Zed Attack Proxy (ZAP)

[psiinon]

The Zed Attack Proxy (ZAP) is a penetration test tool designed to be used to make web applications more secure.

While ZAP can detect some security issues automatically, it is primarily designed to help you find security vulnerabilities manually.

Unlike some security tools it is designed to be used by people with a wide range of security experience.
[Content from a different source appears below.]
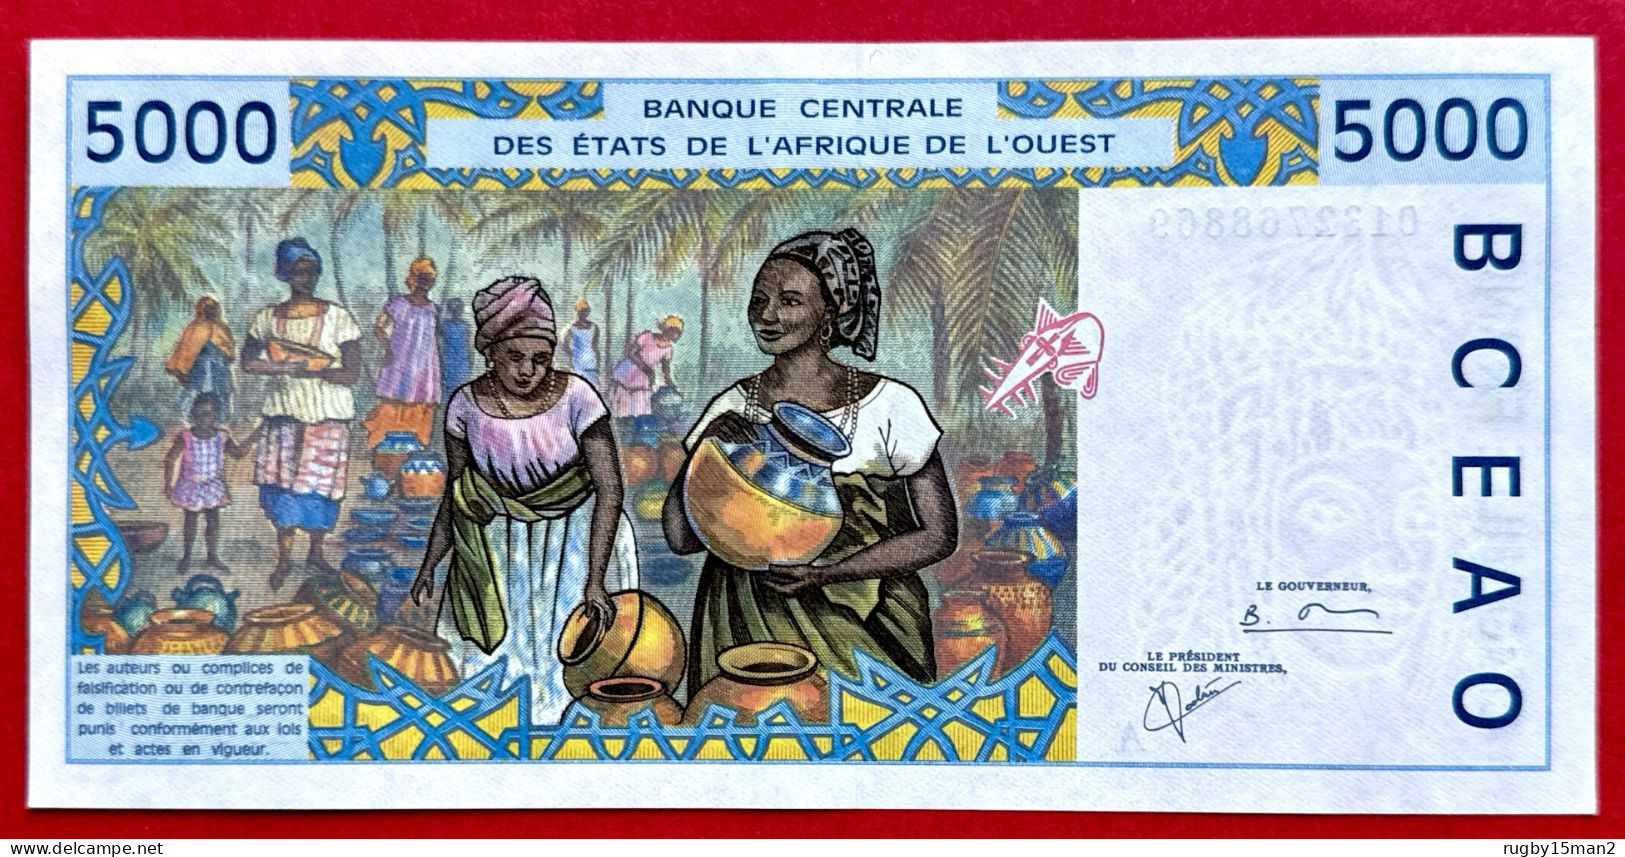 N°81 BILLET DE BANQUE DE 5000 FRANCS CÔTE D'IVOIRE 2001 Pr NEUF / AUNC - Côte D'Ivoire

As such it is ideal for developers and functional testers who a new to penetration testing.

Some of ZAP's features:

• Intercepting proxy
• Automated scanner
• Passive scanner
• Spider

Some of ZAP's characteristics:

• Easy to install (just requires java 1.6)
• Ease of use a priority
• Comprehensive help pages
• Under active development
• Open source
• Free (no paid for 'Pro' version)
• Cross platform
• Involvement actively encouraged

ZAP is a fork of the well regarded Paros Proxy.
Details of the changes made are here: 1.0.0

Be great if you would consider including it on Backtrack.

Many thanks,

Psiinon

[thorin]

Pros/Cons vs Google RatProxy& SkipFish or Fiddler2 /w Watcher.

[psiinon]

My comments about Ratproxy, skipfish and Fiddler2 + Watcher are based on my current understanding of these tools - please correct me if I'm wrong about anything

To quote from RatproxyDoc - ratproxy - Project documentation - Project Hosting on Google Code "Ratproxy is a semi-automated, largely passive web application security audit tool. It is meant to complement active crawlers and manual proxies...".
It only provides a command line interface and does not provide an interactive UI .
In the default mode it "may be safely employed against production systems".

ZAP is more aggressive. While it can do some passive scanning the main scanning is active. It is typically run as an interactive UI and acts as an intercepting proxy, so you can change requests dynamically.
I would not recommend running it against production systems

Skipfish is a "A fully automated, active web application security reconnaissance tool".
It only provides a command line interface and does not provide an interactive UI .

So again ZAP is an interactive UI based tool. It is not really intended to run as a purely automated scanner.
I would say that ZAP is not really a 'competitor' to Ratproxy or skipfish.

Fiddler2 obviously is a much more interactive tool and does overlap with the functionality provided by ZAP.
However as I understand it Fiddler2 + Watcher do not provide any active scanning.

I would agree that the combination of Ratproxy, skipfish, Fiddler2 + Watcher exceed the functionality currently provided by ZAP.

I guess ZAP could be seen as a integrated tool that provides all of the functionality required to perform a basic (but hopefully effective) pentest on a web application.
As I mentioned before its suitable for people who are relatively new to pentesting.
An experienced pentester will be well versed in the tools you mentioned, as well as tools like the Burp Suite and WebScarab.
ZAP is not really aimed at such people, although I'm sure they can have a quick look at the functionality it provides and work out if it could fit into their toolbox. They might find it useful for an initial assessment before breaking out the specialist tools.

Does that answer your question?

Psiinon

[thorin]

Thanks Psiinon, good summary!

[SWFu64]

I've started using this over paros proxy now. It's an invaluable tool when testing Flash applications for SQL Injection issues.

[psiinon]

I've started using this over paros proxy now. It's an invaluable tool when testing Flash applications for SQL Injection issues.

Hi SWFu64,

Glad you like it
If you (or anyone else) have any feedback about ZAP I'd be really interested in hearing it, either via this thread or the developer group.
e.g. what do you like, dislike?
How do you think it could be improved?
I've got a long list of ways I'd like to improve it (some of them documented here), but I also want it to be as widely used as possible, so I want the people who use it to have a big say in how it develops.

Many thanks,

Psiinon

[Archangel-Amael]

EDIT: Ok this was me being stupid.
I got it to work thanks to the help of SWFu on irc.

EDIT: This should be in the repos soon.

[psiinon]

Thats great

FYI ZAP has now been accepted as an OWASP project, and its new home page is here: OWASP Zed Attack Proxy Project - OWASP

Many thanks,

Psiinon

[brtw2003]

just a quick note, anyone wondering why the zap.sh shell script is not working:

Code:

wget -q http://zaproxy.googlecode.com/files/ZAP_1.0.0b_installation.tar.gz
cd /pentest/web && tar xf ZAP_1.0.0b_installation.tar.gz
cd zap && dos2unix zap.sh
sh zap.sh

...wonderful world of special characters
/brtw2003

[Archangel-Amael]

just a quick note, anyone wondering why the zap.sh shell script is not working:

Code:

wget -q http://zaproxy.googlecode.com/files/ZAP_1.0.0b_installation.tar.gz
cd /pentest/web && tar xf ZAP_1.0.0b_installation.tar.gz
cd zap && dos2unix zap.sh
sh zap.sh

...wonderful world of special characters
/brtw2003

While that may help for those who download and install, this will not be necessary once this is in the repos.